* _WHAT IS REQUIRED_:
I'd ask you to write out the lines below exactly, with no images.

* _DATA PROVIDED_:

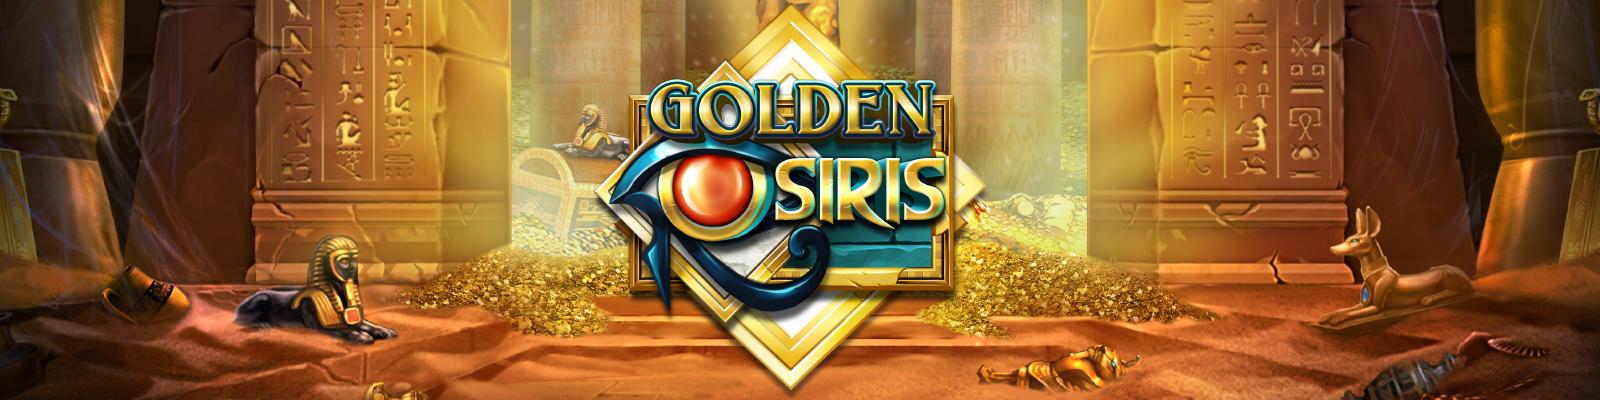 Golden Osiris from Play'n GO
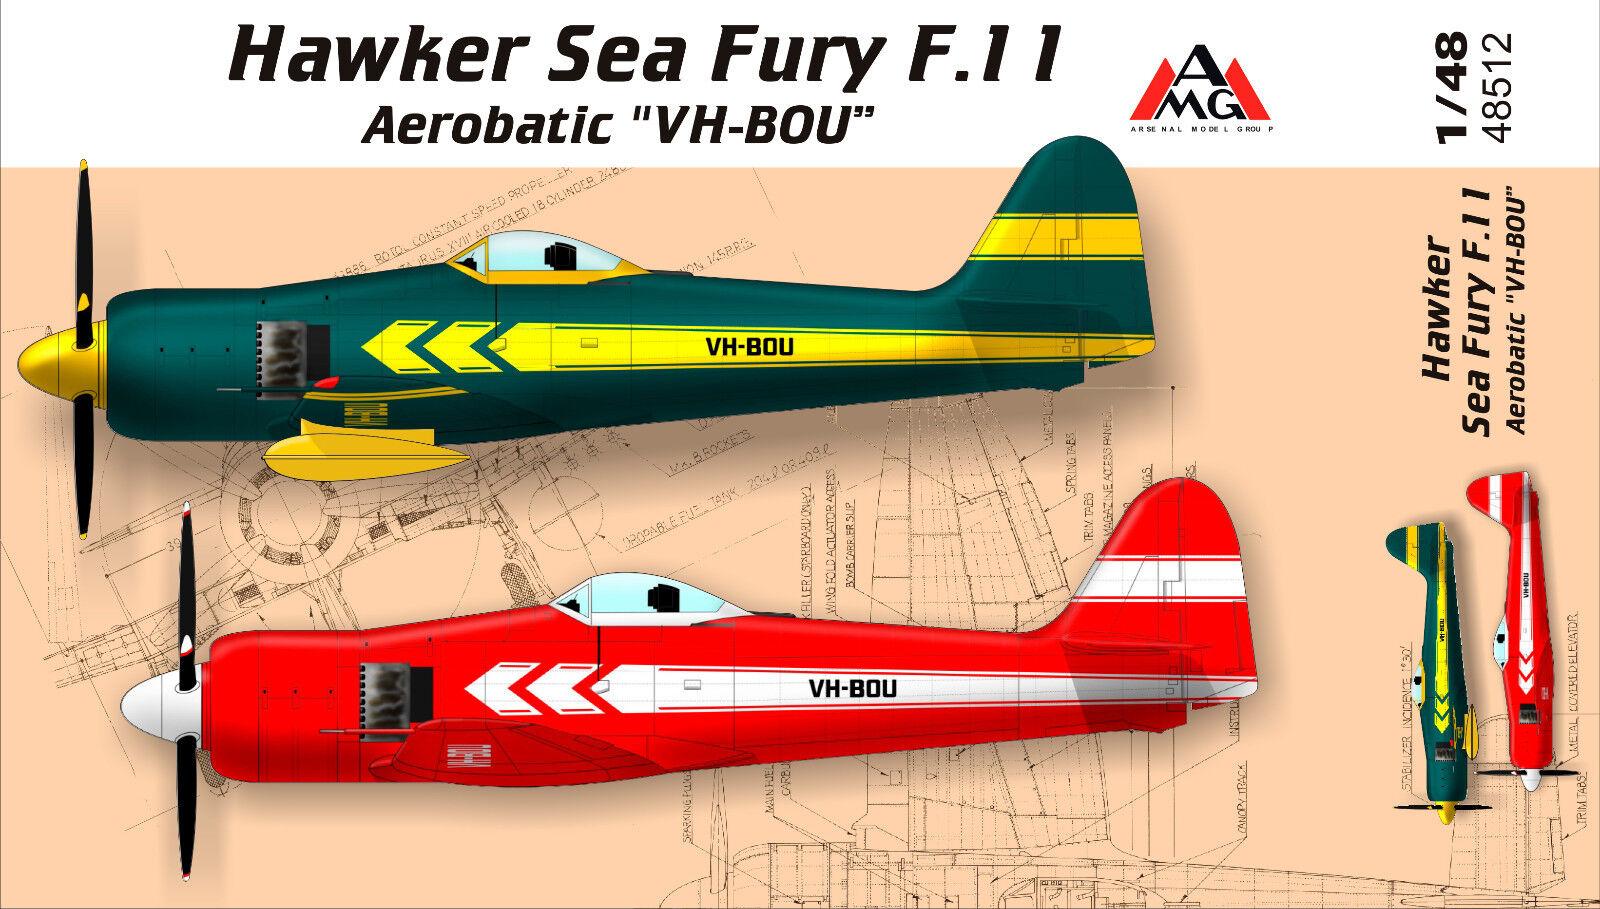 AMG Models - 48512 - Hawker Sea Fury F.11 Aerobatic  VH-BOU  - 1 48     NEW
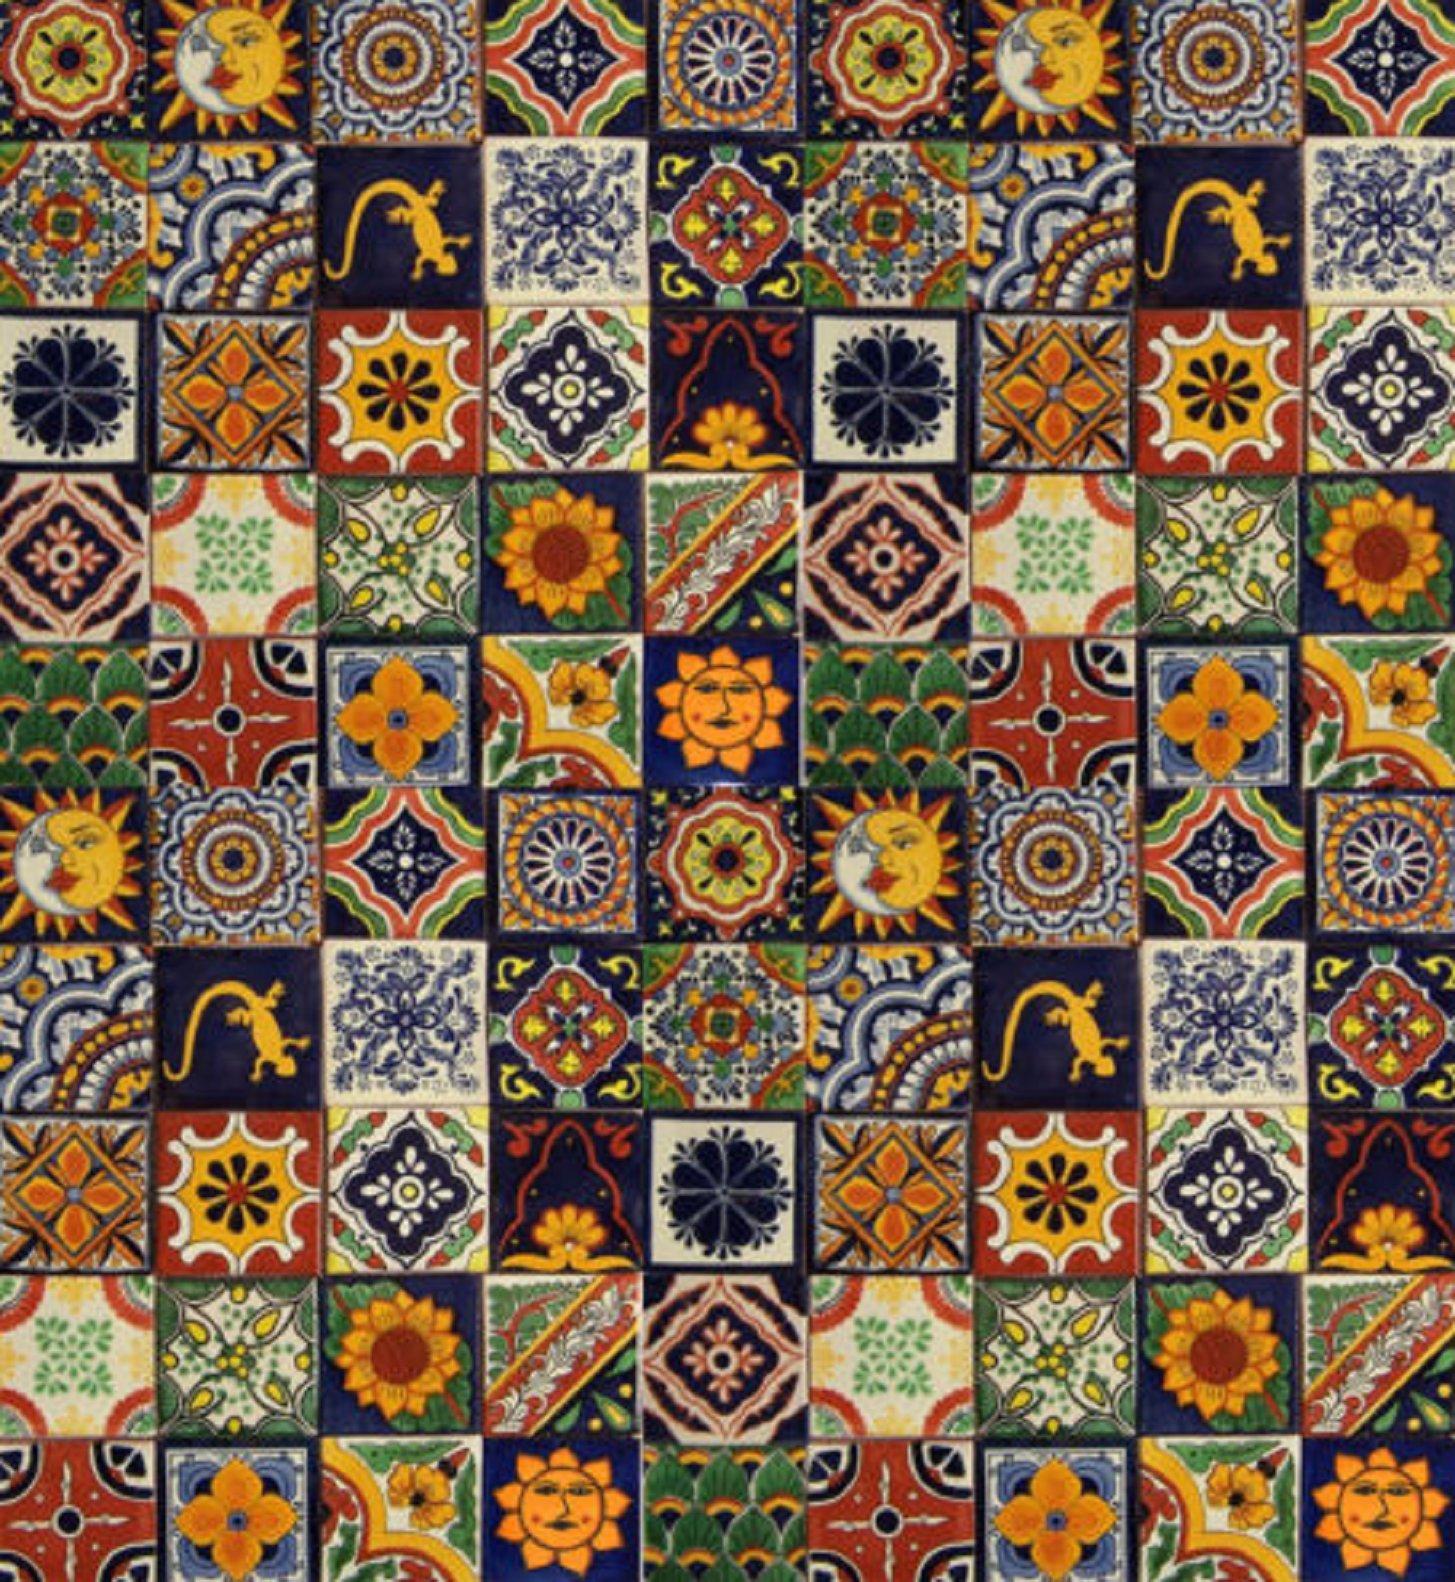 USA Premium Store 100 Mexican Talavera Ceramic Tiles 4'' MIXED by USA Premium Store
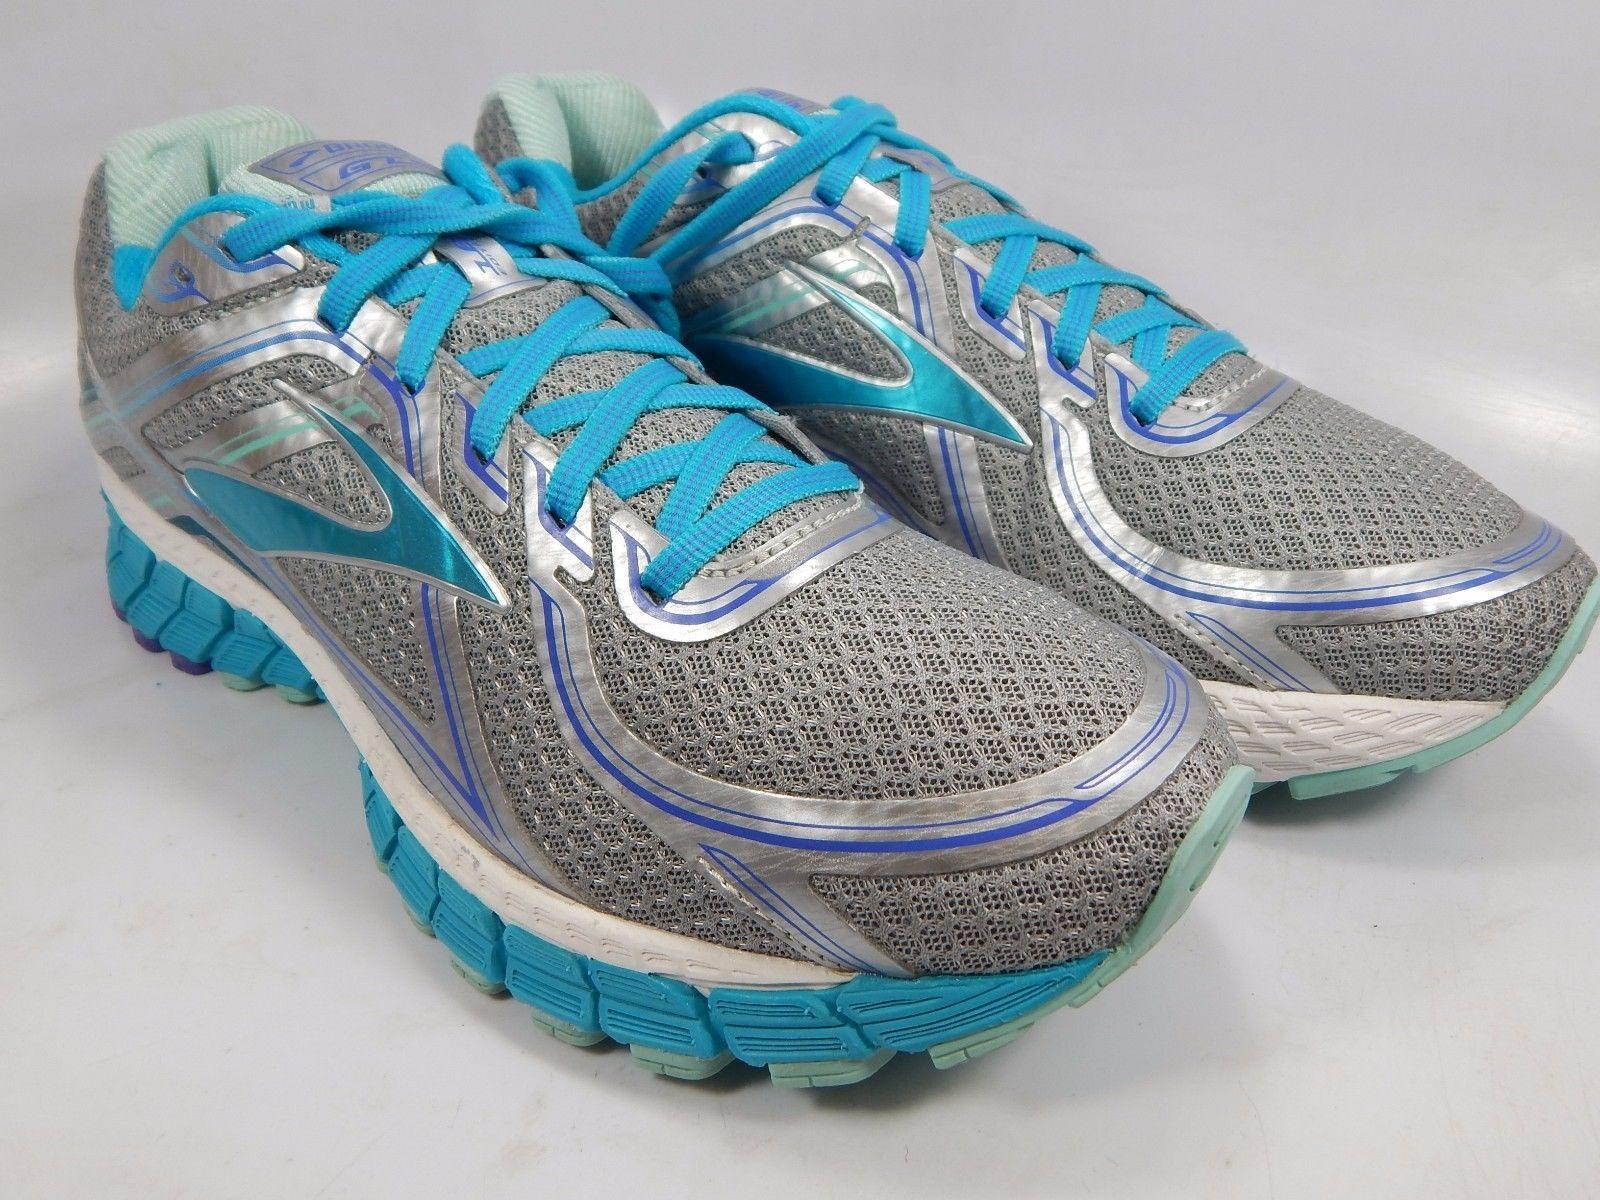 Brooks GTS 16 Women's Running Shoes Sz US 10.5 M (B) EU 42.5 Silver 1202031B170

* _EXERCISE RESPONSE_:
 Golden Osiris from Play'n GO
 AMG Models - 48512 - Hawker Sea Fury F.11 Aerobatic  VH-BOU  - 1 48     NEW
 USA Premium Store 100 Mexican Talavera Ceramic Tiles 4'' MIXED by USA Premium Store
 Brooks GTS 16 Women's Running Shoes Sz US 10.5 M (B) EU 42.5 Silver 1202031B170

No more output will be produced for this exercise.